[Exercise] Everything in the listing below should be written out again exactly, except the pictures.

[Recorded data]
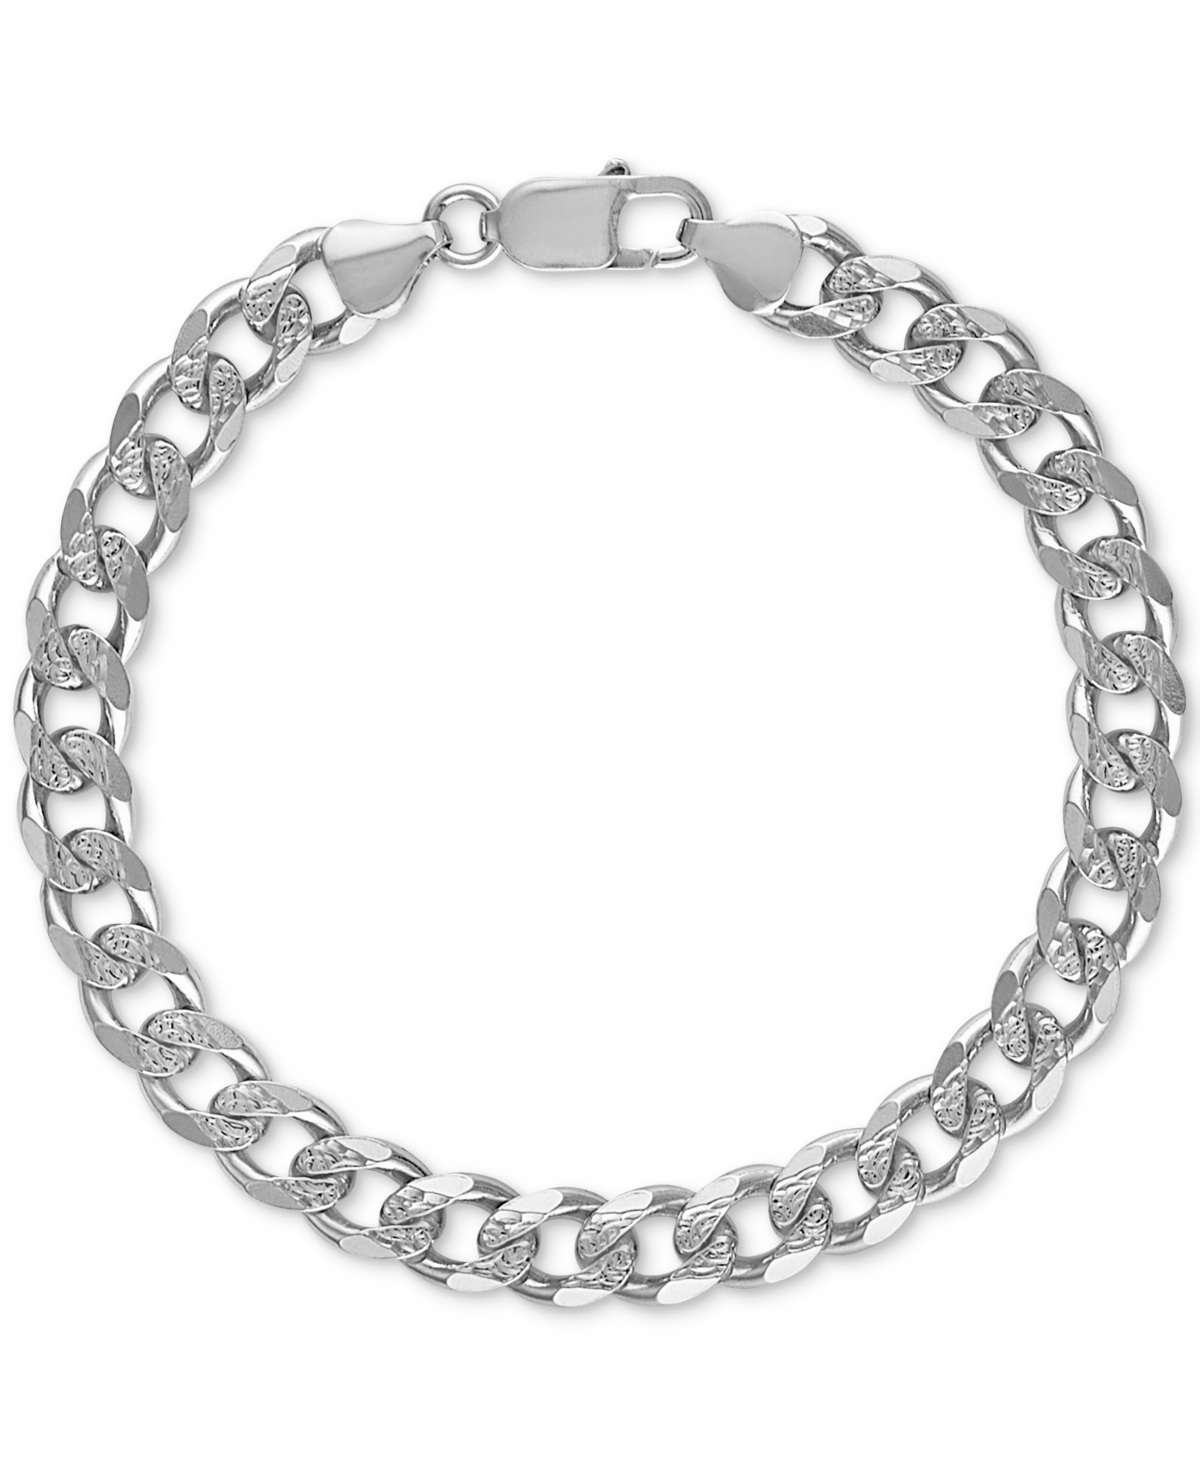 Esquire Men's Jewelry Curb Link Chain Bracelet In Sterling Silver, Created For Macy's
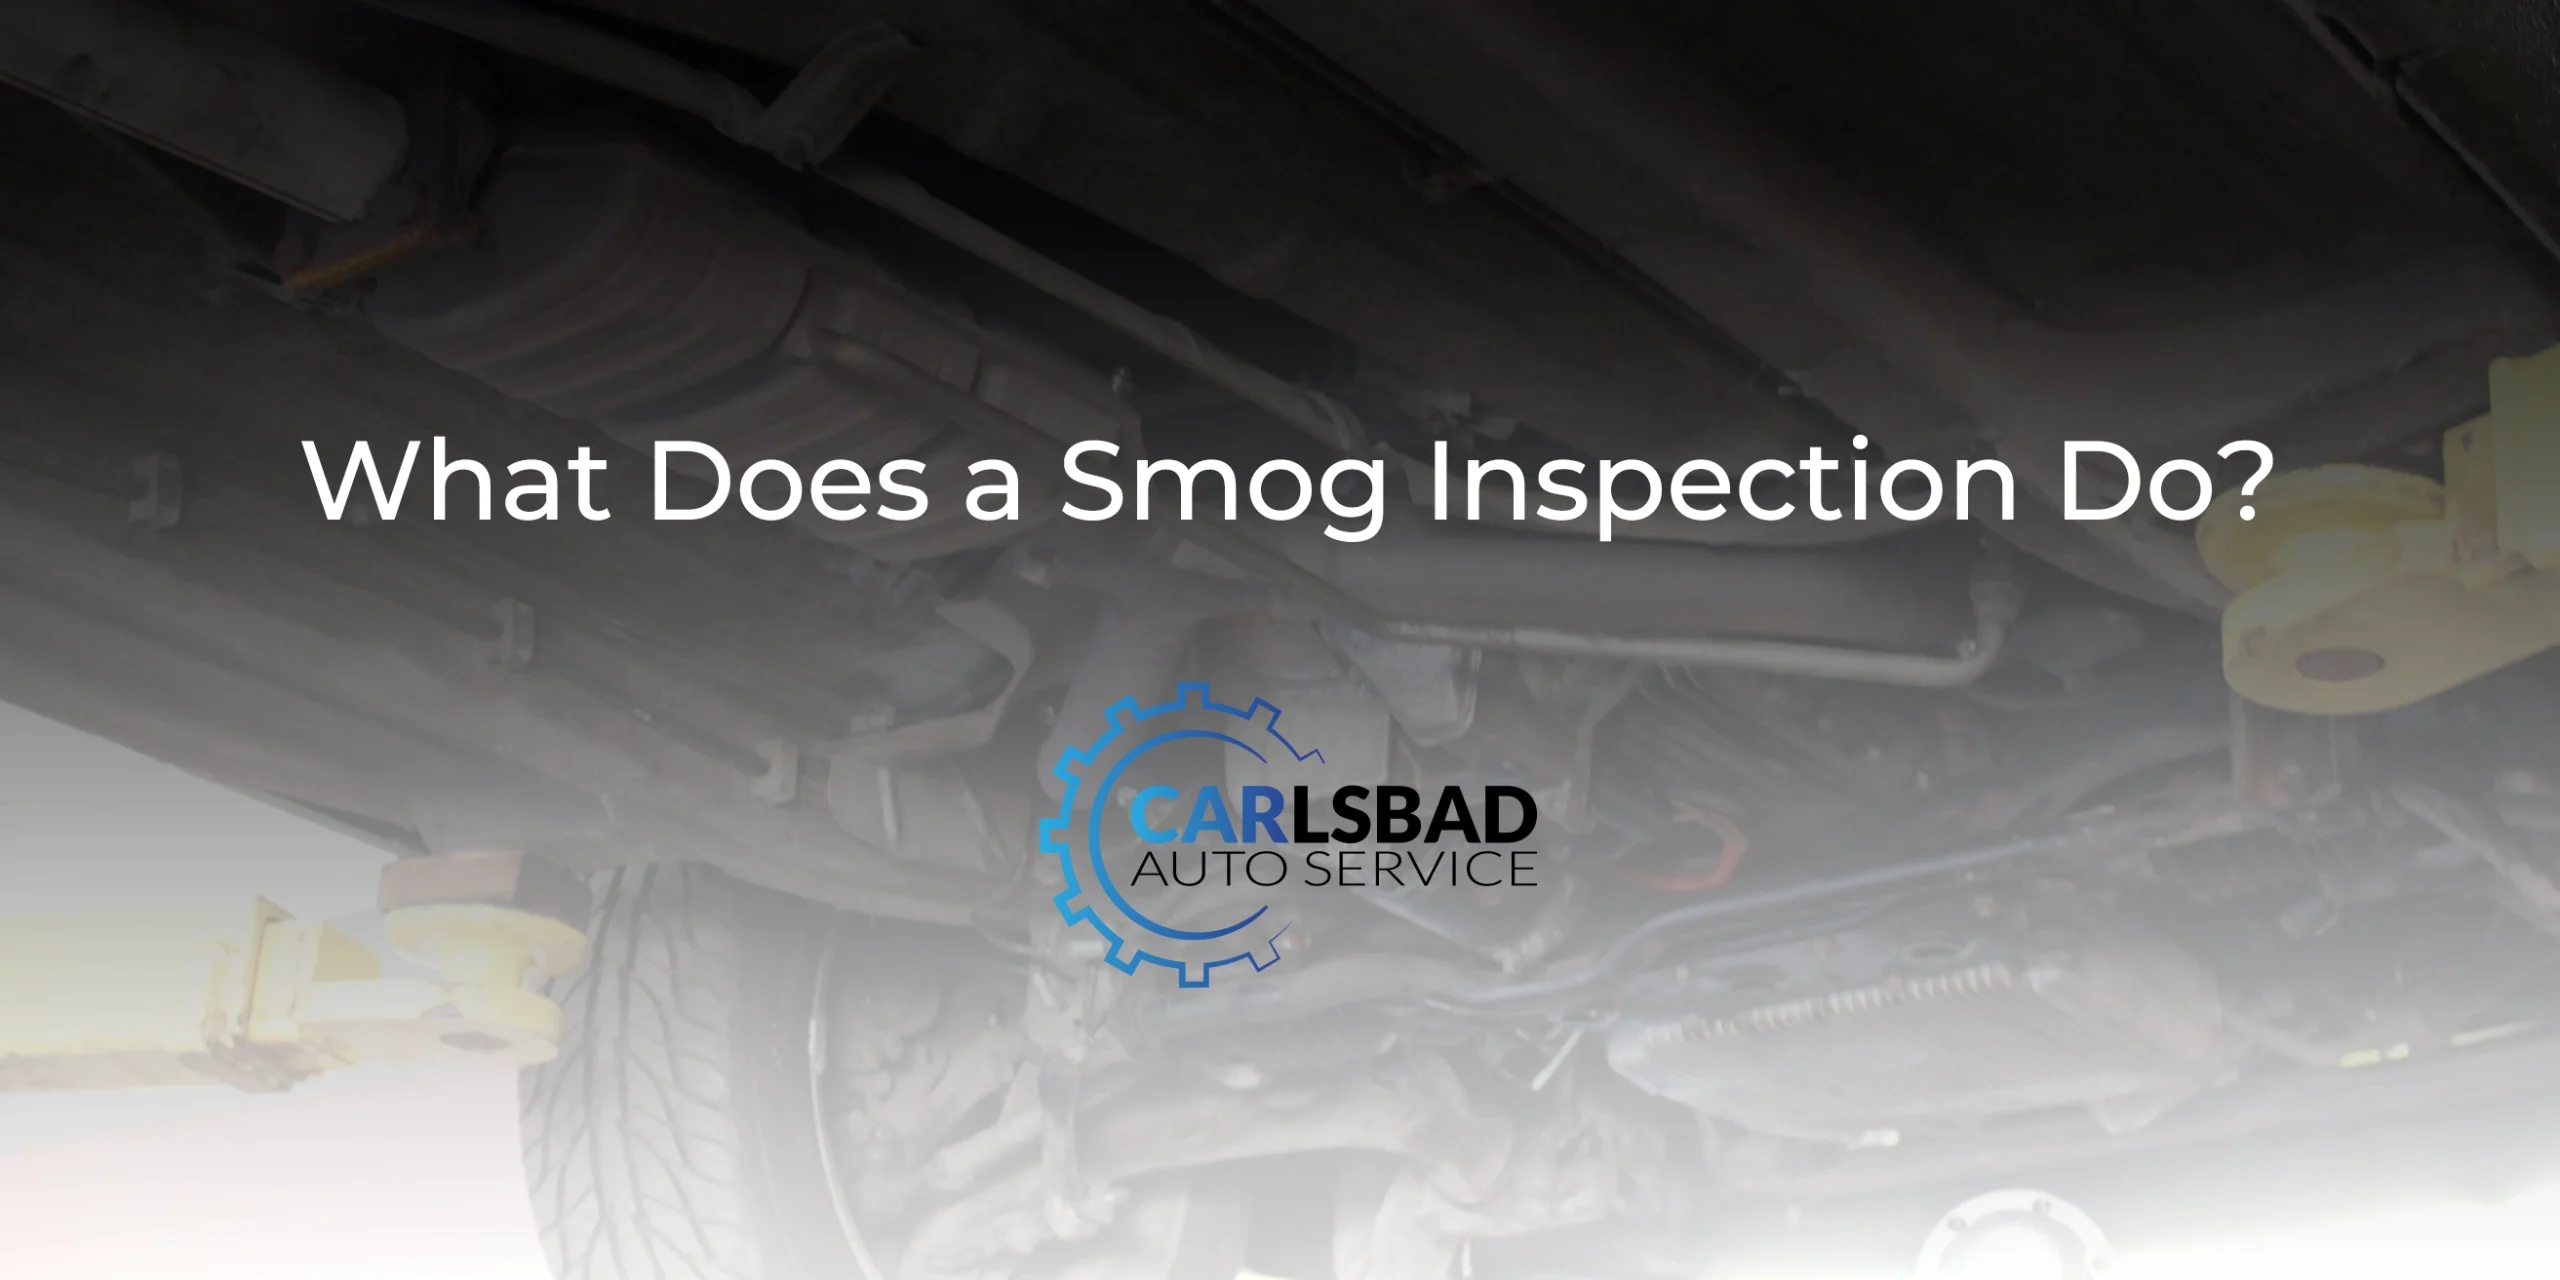 What Does a Smog Inspection Do?
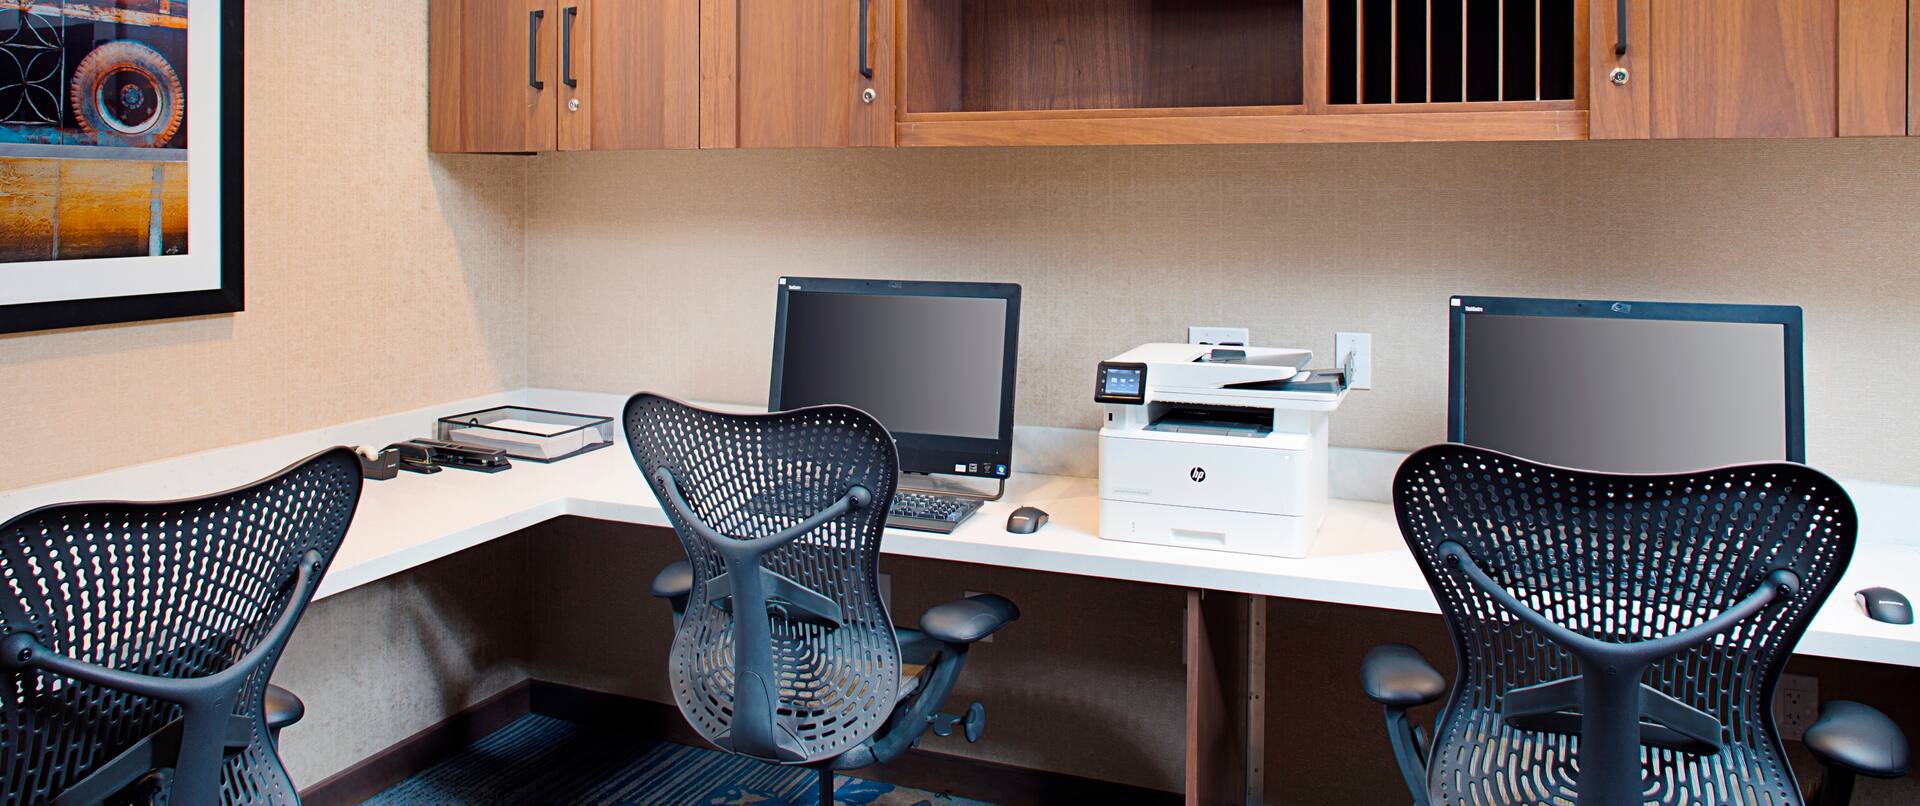 Business Center With Wall Art and Storage Cabinets Above Three Computer Workstations, Ergonomic Chairs, Wall Art, and Printer/Fax/Copier

[Output of the exercise]
 Esquire Men's Jewelry Curb Link Chain Bracelet In Sterling Silver, Created For Macy's
 What Does a Smog Inspection Do?
 Business Center With Wall Art and Storage Cabinets Above Three Computer Workstations, Ergonomic Chairs, Wall Art, and Printer/Fax/Copier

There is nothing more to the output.